Kate rubbed her eyes. The fire was crackling away. Michael was still passed out on the straw.
“I had the strangest dream.”
“Did you now? I can’t wait to hear all about it.” Dr. Pym was smiling at her with the same kindly smile, his face wreathed in smoke. “You know, I’ve been studying you and your brother. You say you don’t know your parents at all?”
“I have a few memories. But I don’t know their names or anything. Why?”
Dr. Pym knocked his pipe against the stone floor, emptying the ashes, and replaced it in his pocket. “Oh, we can talk about it later. You’d best wake Michael. They will be here any moment.”
“Who will?” Kate felt groggy, as if she was still half inside her dream. Had it even been a dream? It’d felt so real. And why was Dr. Pym asking about their parents?
There was the sound of a bolt being shot back; the door swung open, and Captain Robbie McLaur entered.

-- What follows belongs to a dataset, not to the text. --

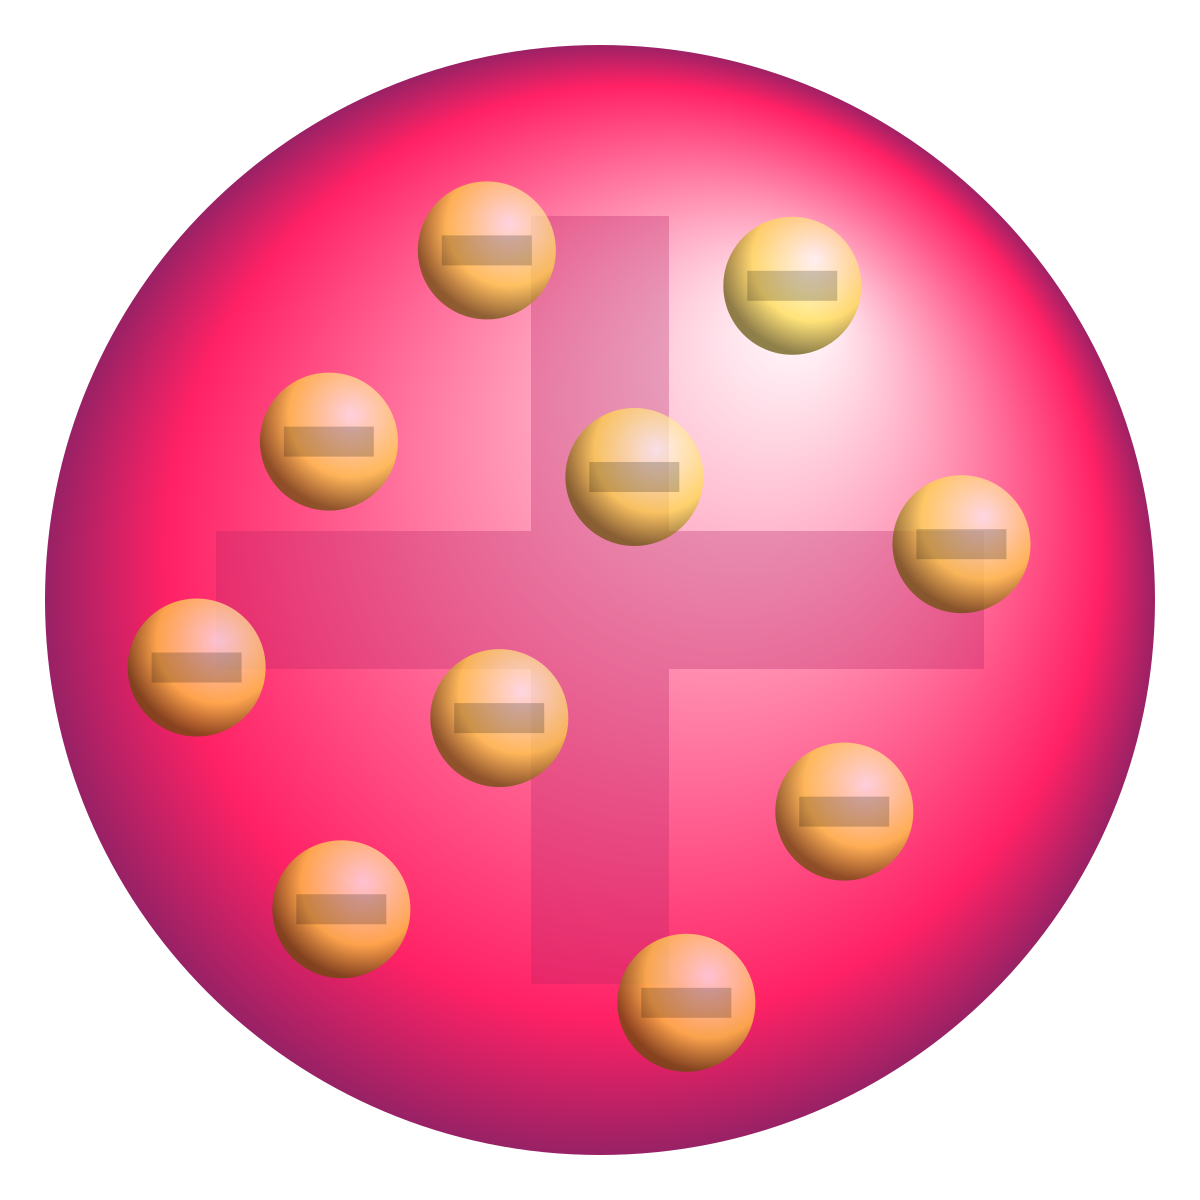 النماذج للذرة اي دالتون الذرة الآتية توضح نموذج نظرية العالم
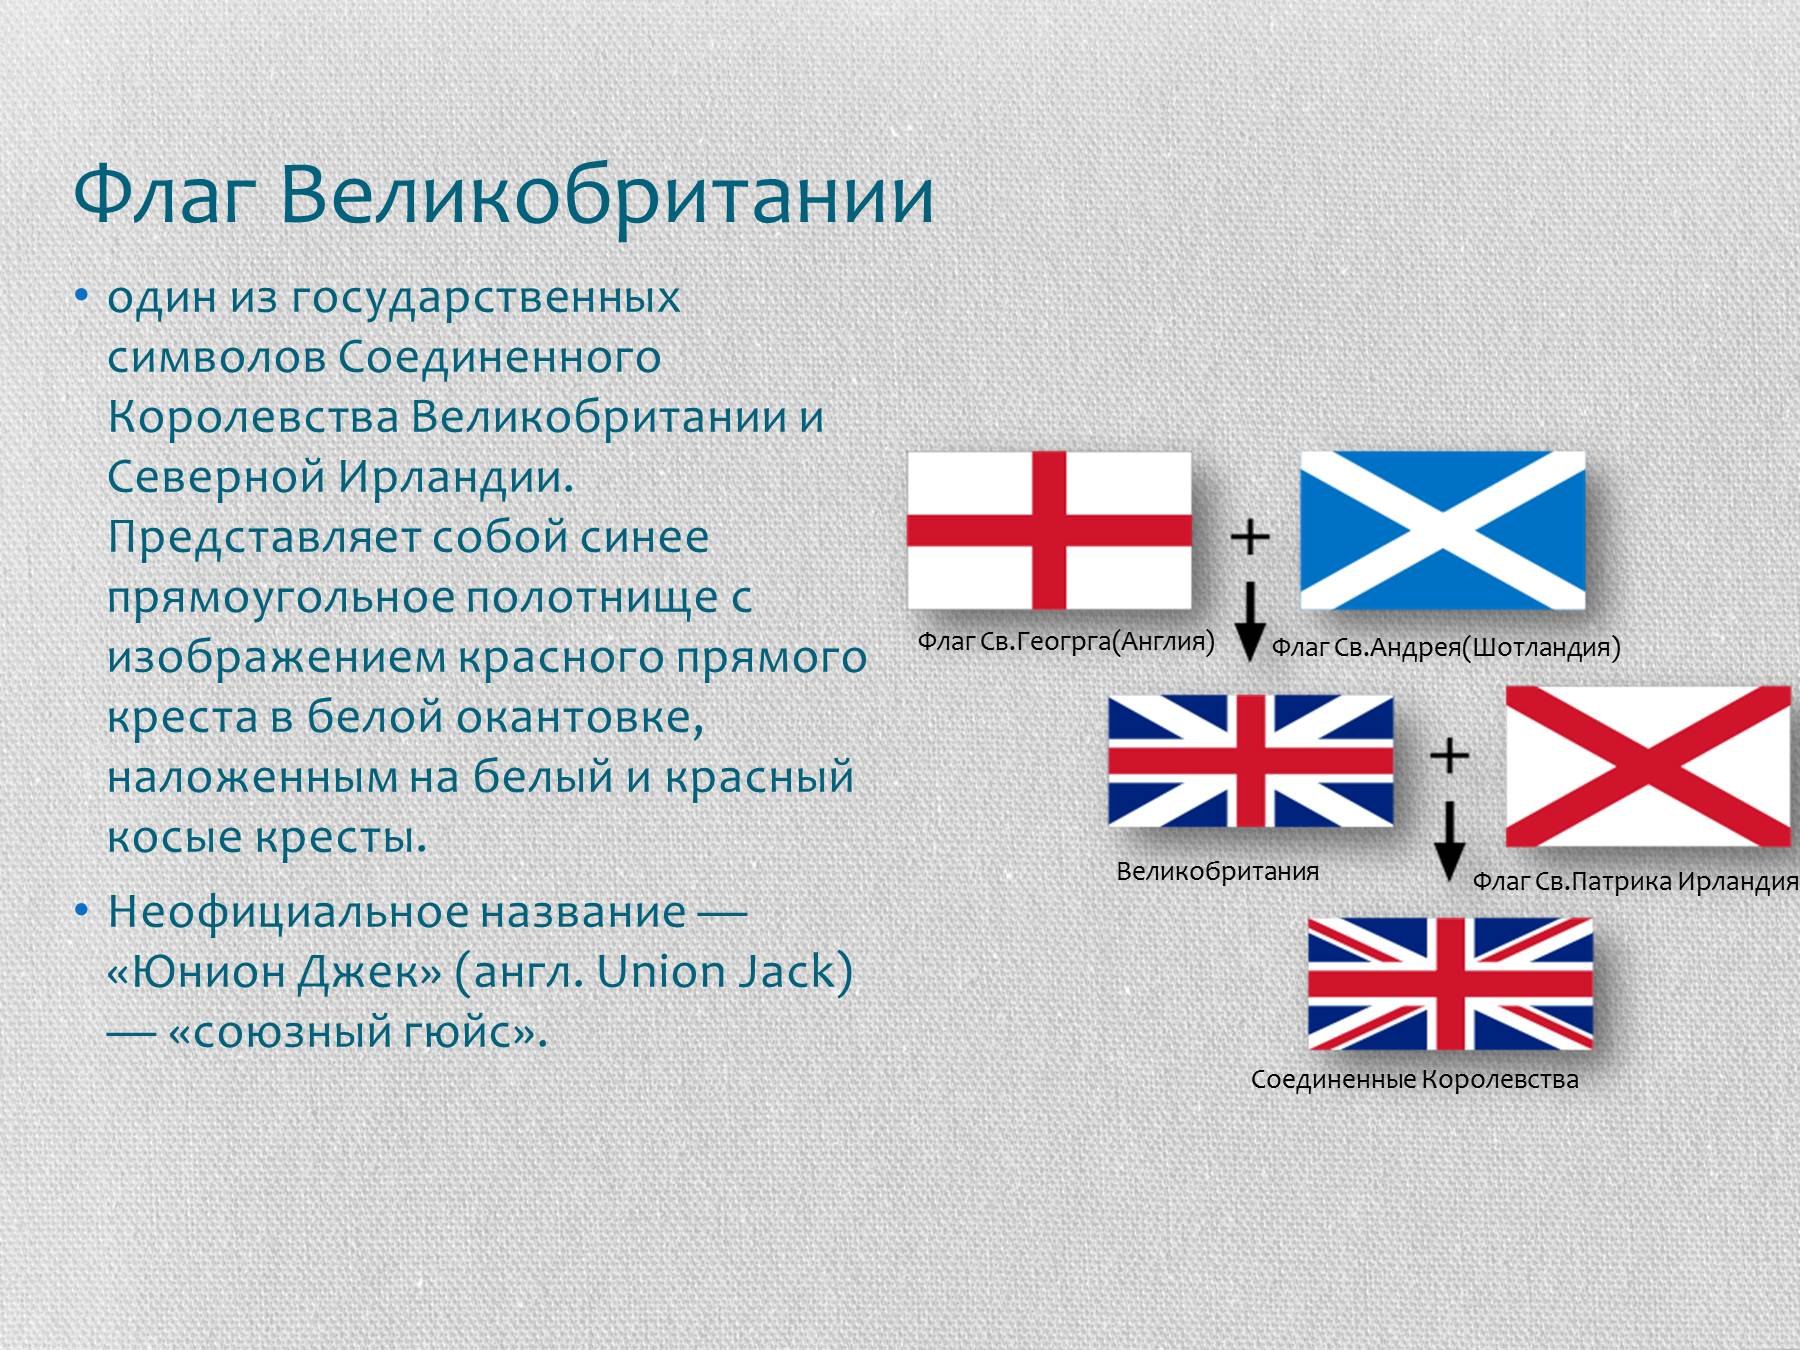 Почему флаг англии. Флаг объединенного королевства Великобритании и Северной Ирландии. Соединенное королевство Северной Ирландии флаг. История флага Великобритании. Флаг соединённого королевства Великобритании и Северной ирландииш.

“Right, then, up and at ’em! The King wants to see you lot.”
CHAPTER THIRTEEN
Hamish
Four dwarf guards, led by Captain Robbie McLaur, guided Dr. Pym and the children along a series of passages and stairways to the throne room of King Hamish.
“Not that it’s any of my business, Wizard,” Robbie McLaur said as they marched along the torchlit corridor, “but for the sake of these children, I’ll warn you that my brother is not a dwarf to be trifled with.”
“We appreciate your concern, Captain,” said Dr. Pym. “But I think we can handle ourselves.”
“Fair enough; it’s your necks. Just don’t like seeing children chopped into bits and pieces when it can be avoided. Old-fashioned, I guess.”